С каждым днем все пуще и пуще забывает степь свои старинные песни и сказки. Ныне разве только в светлой хоромине старообрядца можно услышать те псальмы, которыми некогда Маслиха будила наш город. Ее внучка даже, вышедшая замуж за городского попа, поет уже большею частию совсем не то, что некогда певала она на базарной площади с своей бабкой.

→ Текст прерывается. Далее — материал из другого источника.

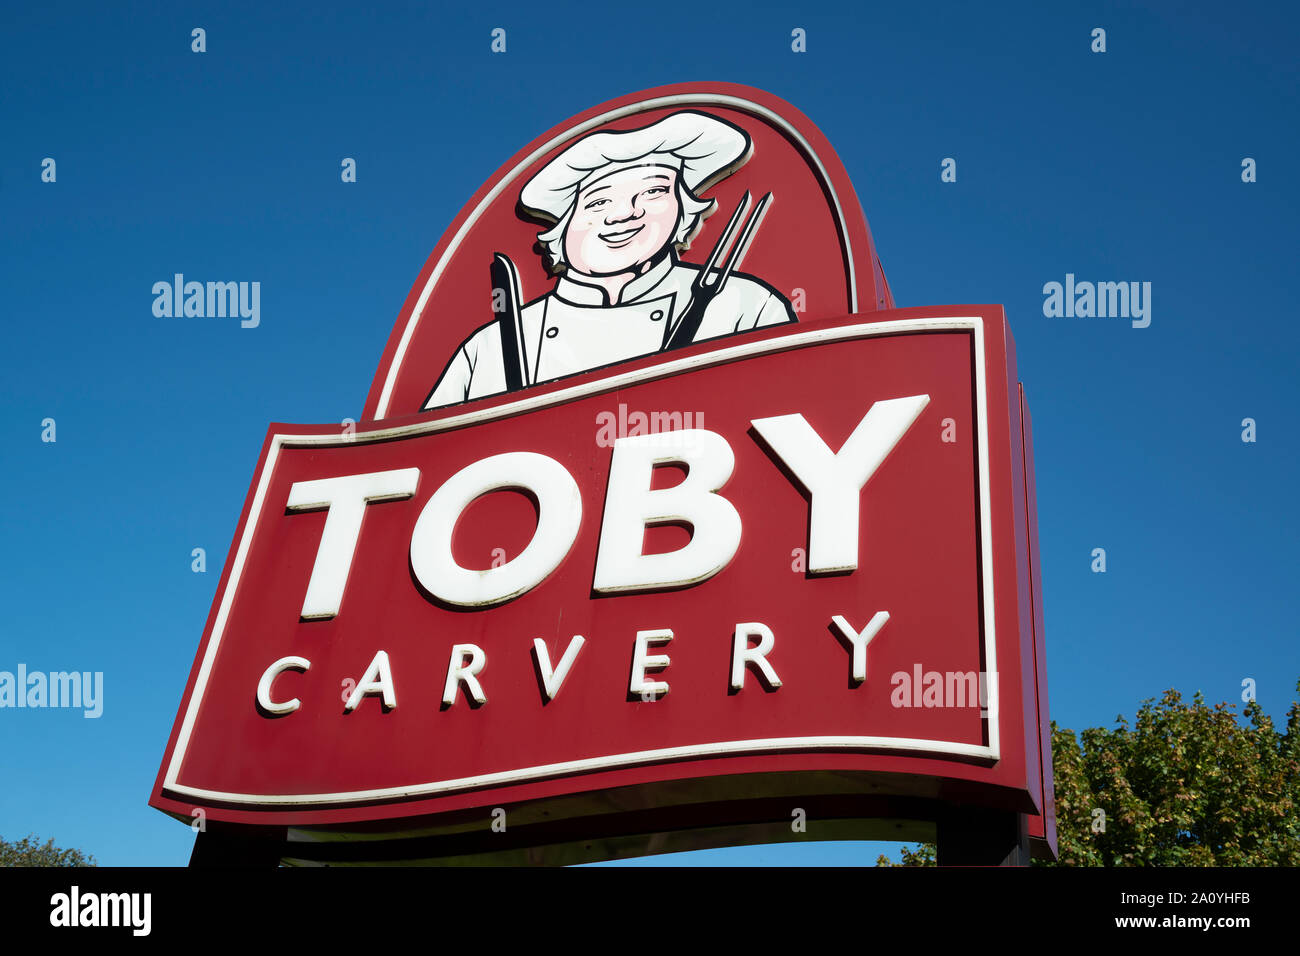 La signalisation d'une succursale de la chaîne de restaurant Toby Carvery. Banque D'Images

Ее сыновья-семинаристы с каждой побывкой домой привозят ей из губернии всё новые книги, из которых сам поп выбирает самые лучшие стихи, и тогда поповский залик, весь заставленный пахучими степными цветами, с мастерски написанными образами и картинами хозяйской работы, развешанными по ярко выбеленным стенам, тогда, говорю, этот залик оглашается грустным звоном старинных гуслей и дружным хором семьи, который сходился слушать весь город.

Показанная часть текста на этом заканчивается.